*** Recorded data Section Begins ***

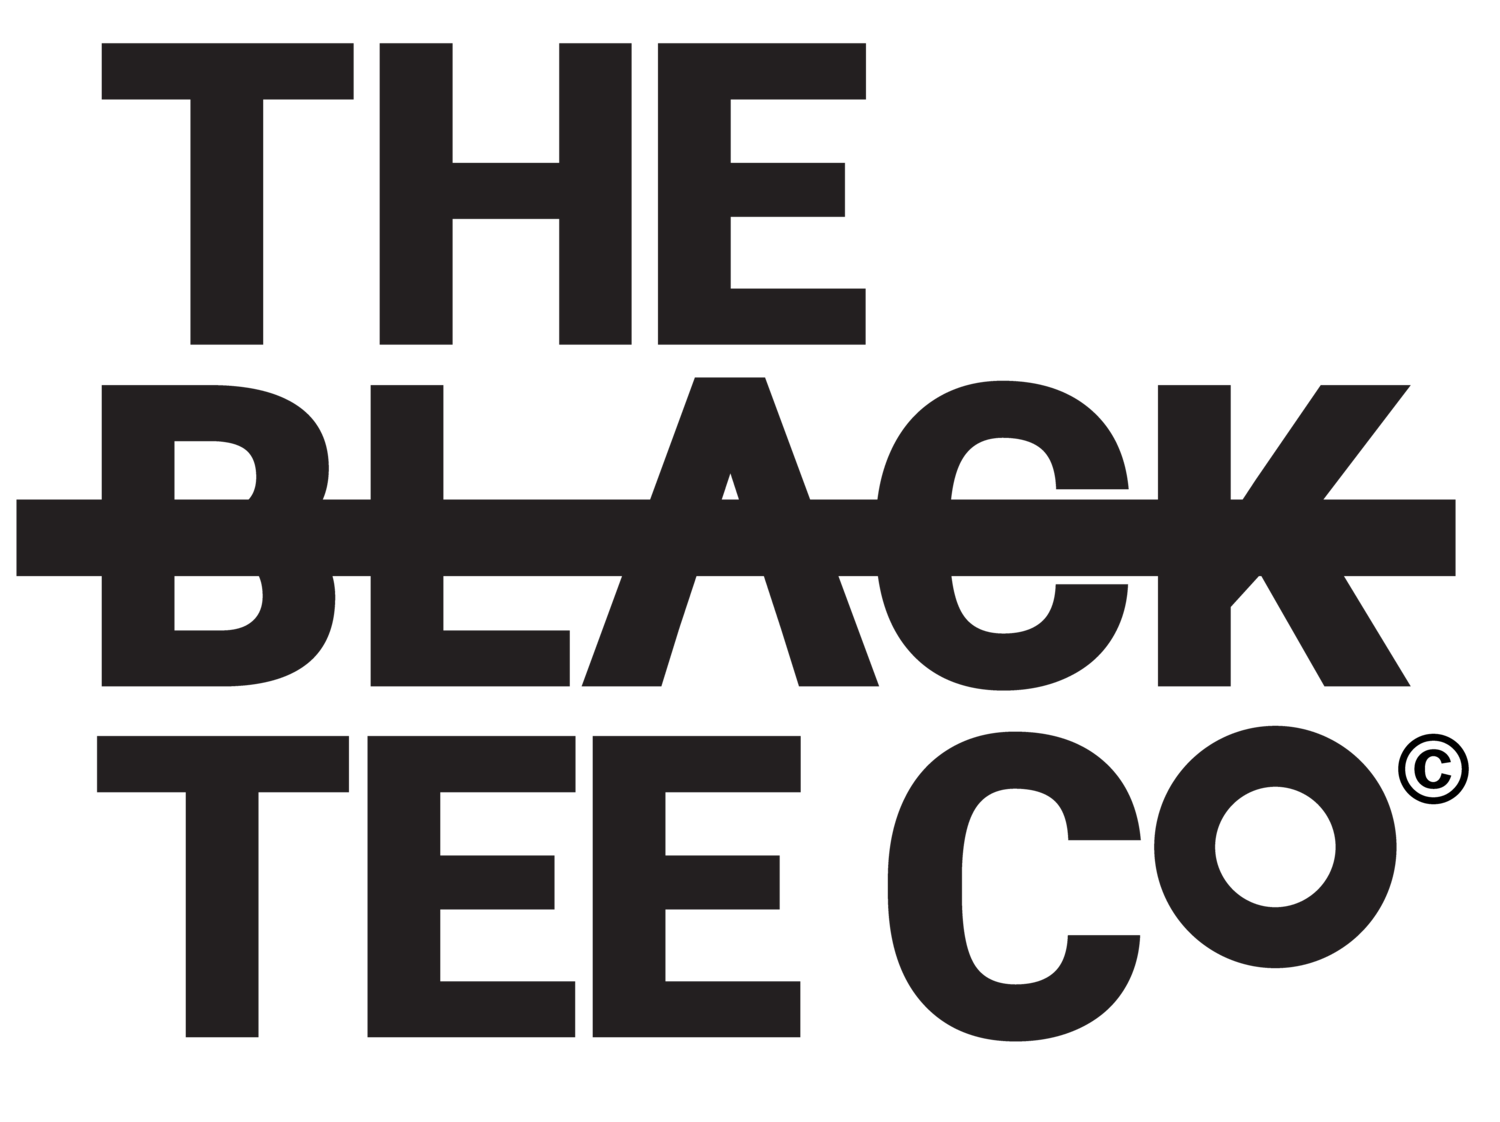 The Black Tee Company
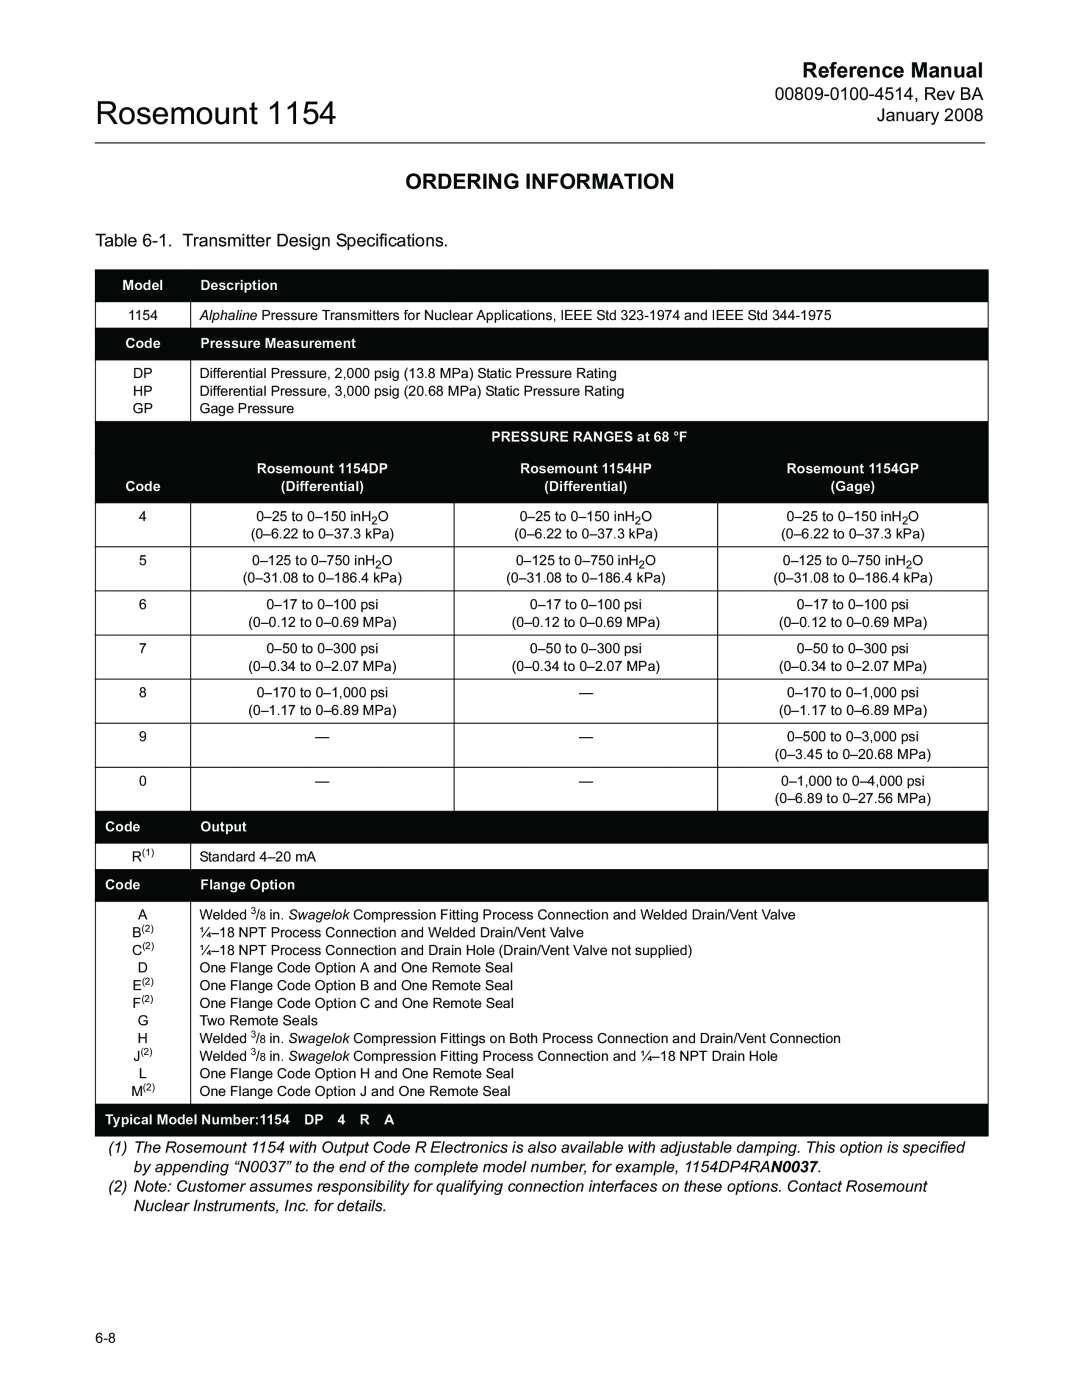 Emerson 00809-0100-4514, 1154 manual Ordering Information, Rosemount, Reference Manual, Gage 
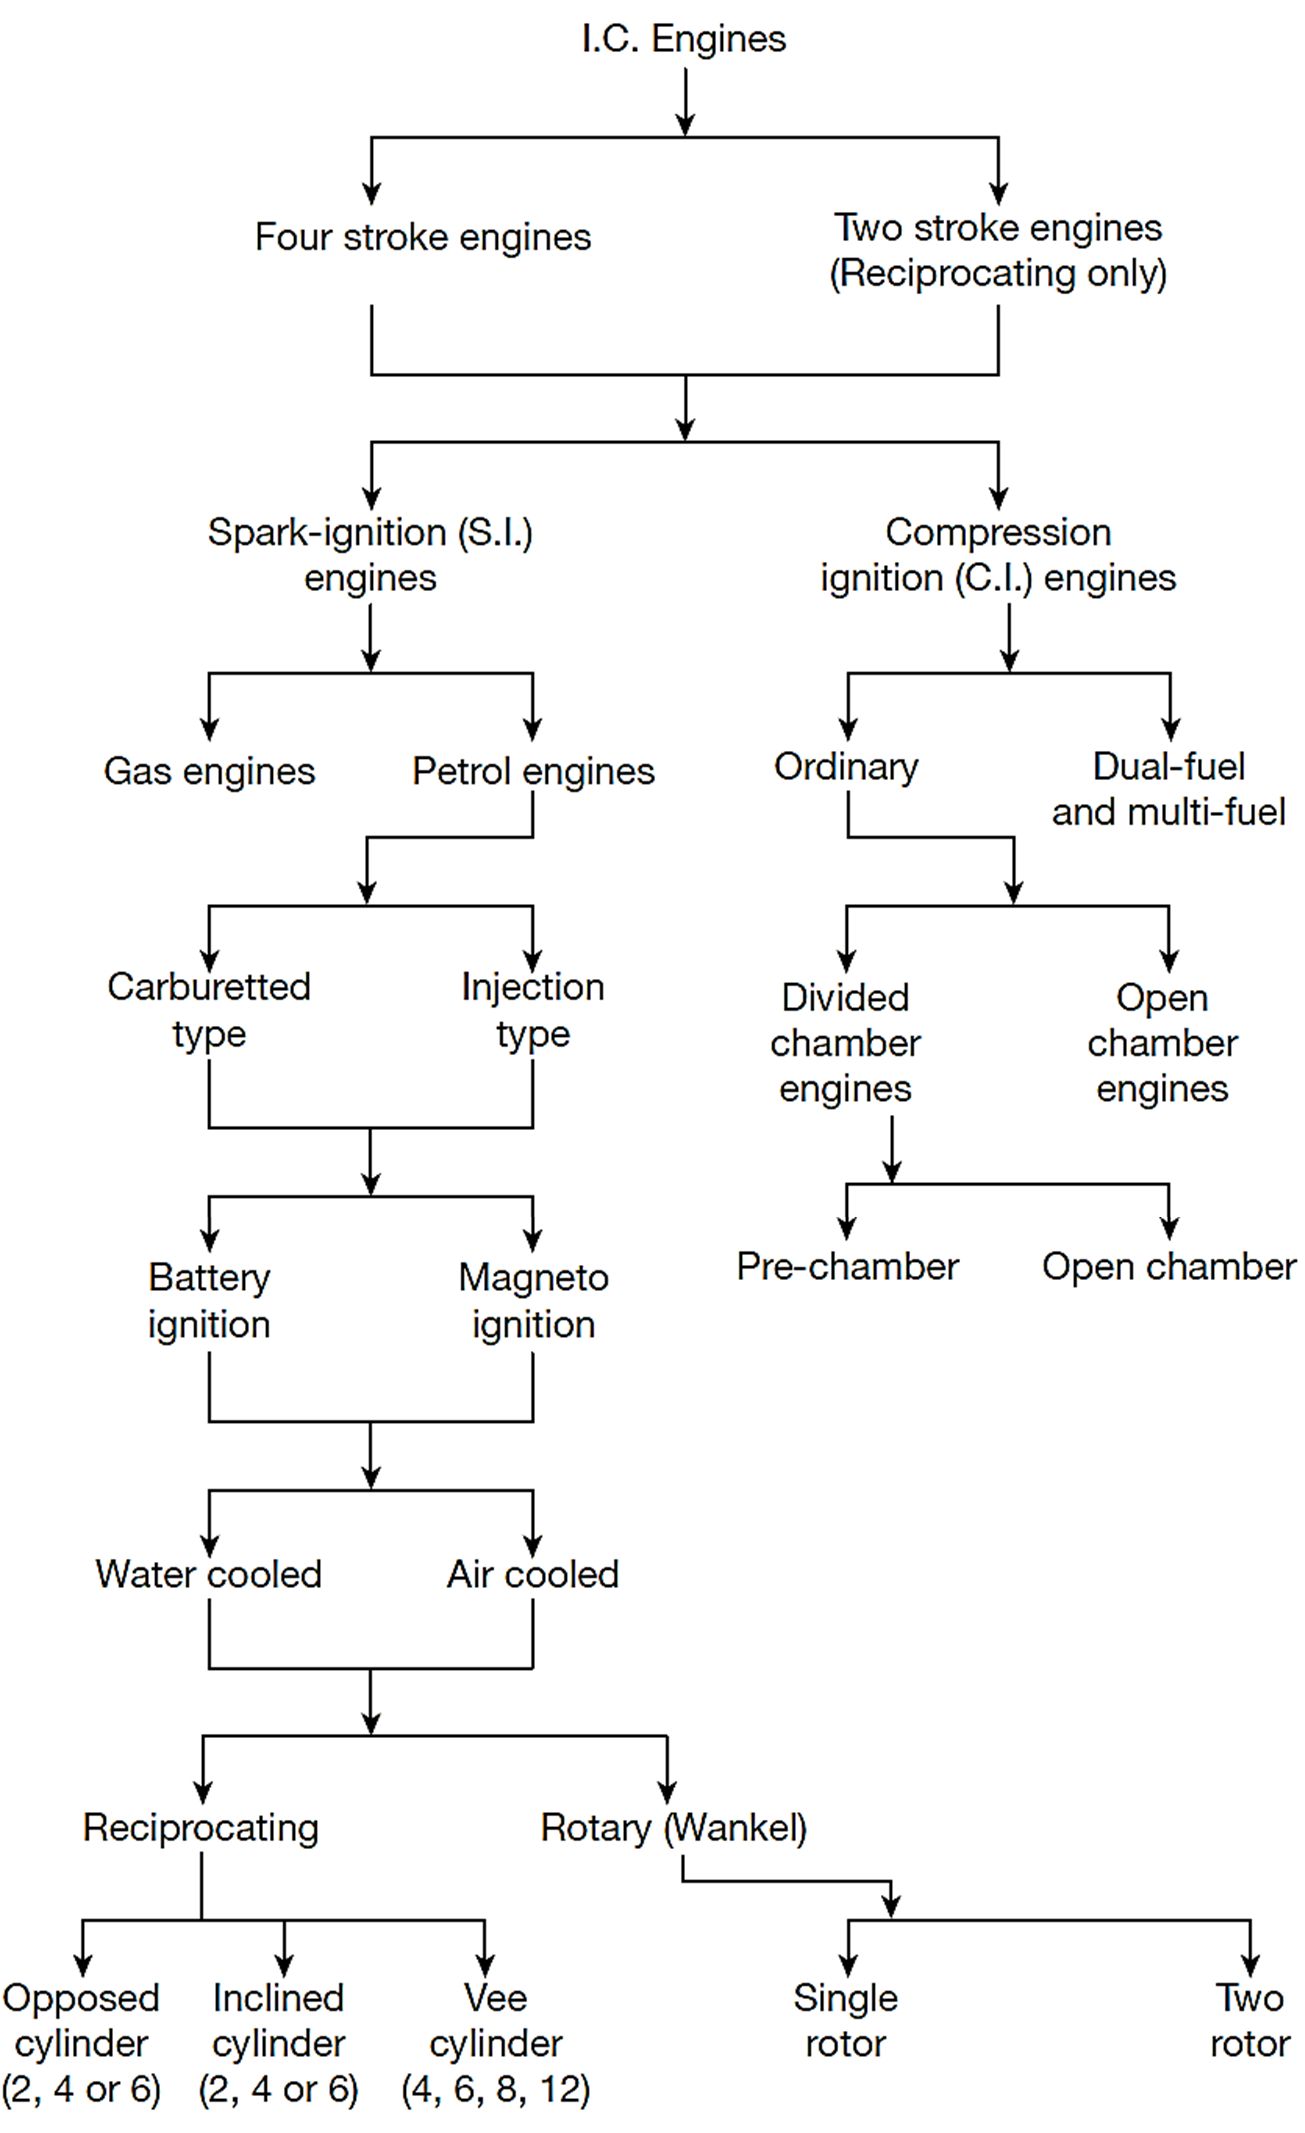 IC engine classification

*** Recorded data Section Ends ***

## [Assignment]
Word for word, copy every line of the data, excluding any pictures.

## [Exercise output]
 The Black Tee Company
 Emerson 00809-0100-4514, 1154 manual Ordering Information, Rosemount, Reference Manual, Gage 
 IC engine classification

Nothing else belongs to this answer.